Luckily, bringing people physically to the Netherlands, providing them with shelter, food and the first essentials is already very well taken care of. But where I personally see the gap is in giving people some clarity on “what’s next .”I think this is the part where we, as the Female Ventures foundation, could potentially help.
The foundation comprises a lot of talented women representing various industries and verticals. It would be great to pull our resources together and perhaps prepare a comprehensive guide for the people arriving. The guide would have several specialized articles: how to find a job, how to even behave at a job, how to start a consultancy or even an own company, which taxes and in which amounts we are paying here, etc.
The most interesting thing is that we all already have this knowledge as we use it every day. So no need to reinvent the wheel – we just need to organize ourselves, split the workload and put all these bits and pieces of information on paper. This will be a huge help to those who are arriving or have already arrived.
Is there anything else that you would like to say here?
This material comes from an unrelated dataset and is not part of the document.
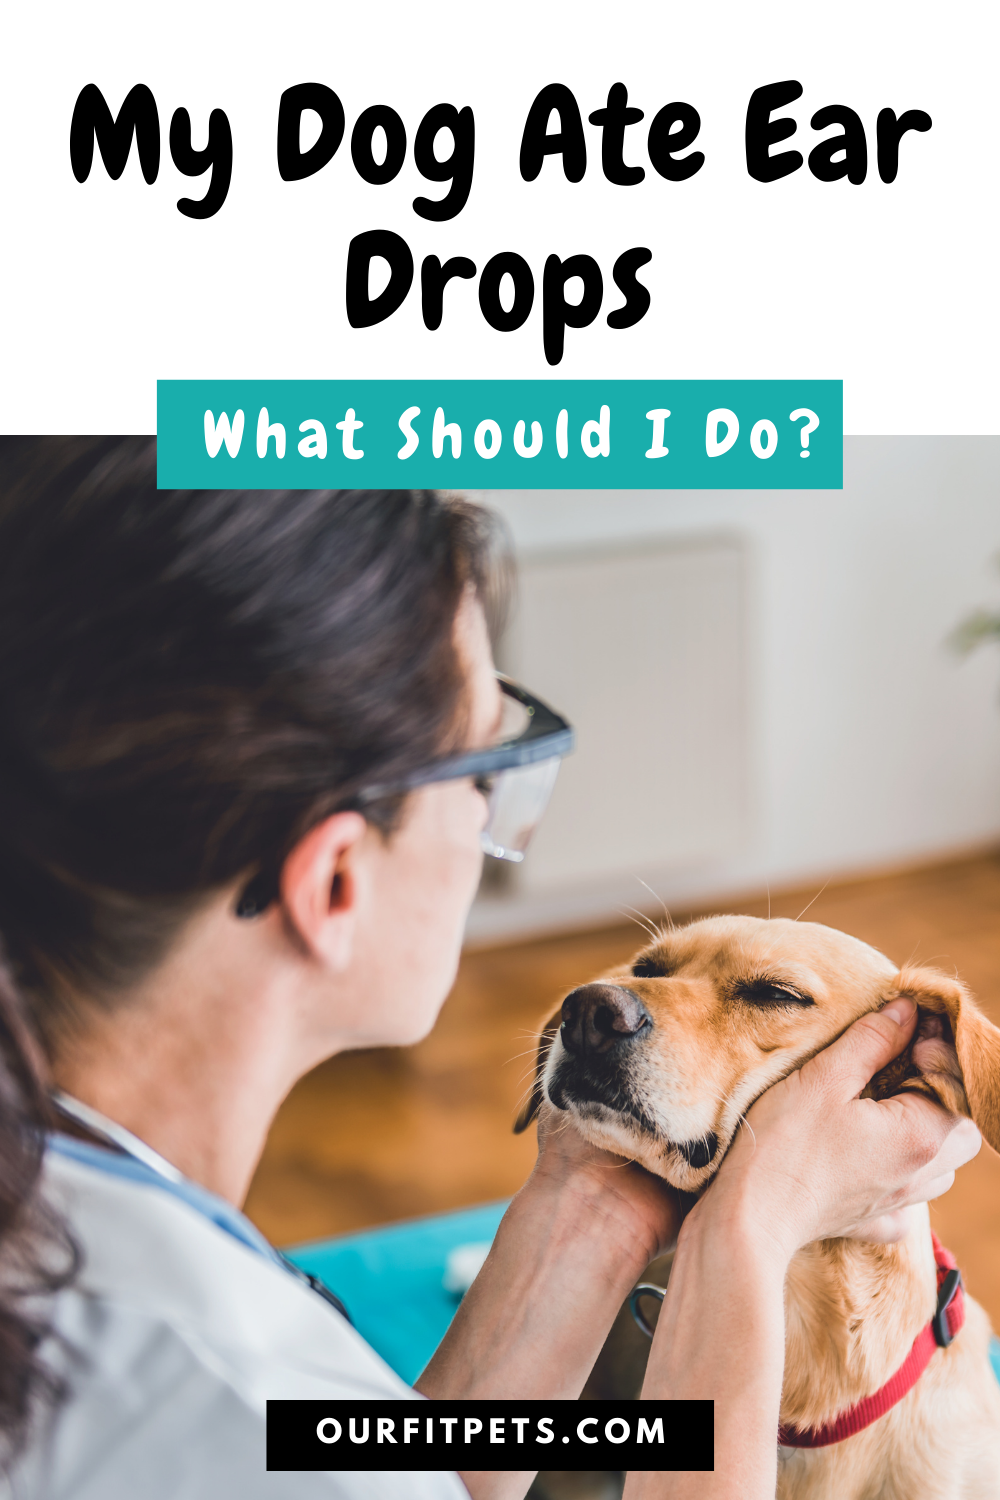 My Dog Ate Ear Drops What Should I Do?
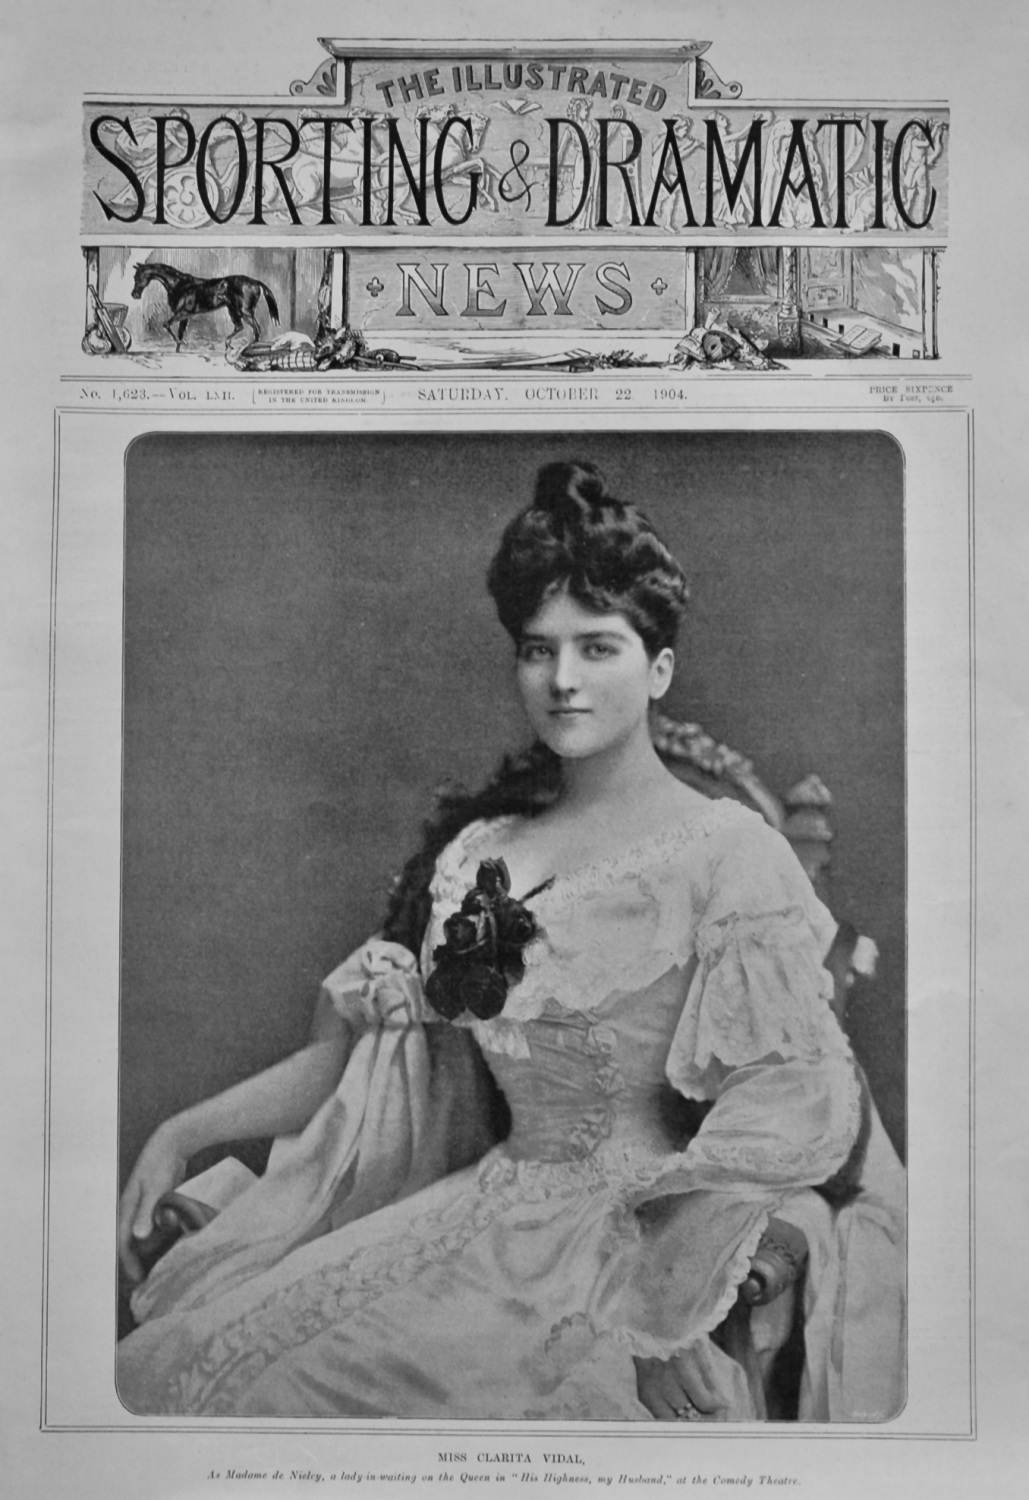 Illustrated Sporting and Dramatic News,  October 22nd, 1904.

I want to say a huge thank you to all the people with big hearts – from the Netherlands and not only. For Ukraine, it means the world that people of other countries are willing to open their homes and lend their hands in the terrible situation we are now living in.
It is true that the war does make you rethink many things: the real purpose of money, the relative importance of what you’ve been doing all your life, and also how crucial it is to be there for each other.
I really do hope that the price we all now pay for this lesson will not let us forget it anytime soon.
Thank you so much again for your help, Iryna. We will do everything to turn these recommendations into action now!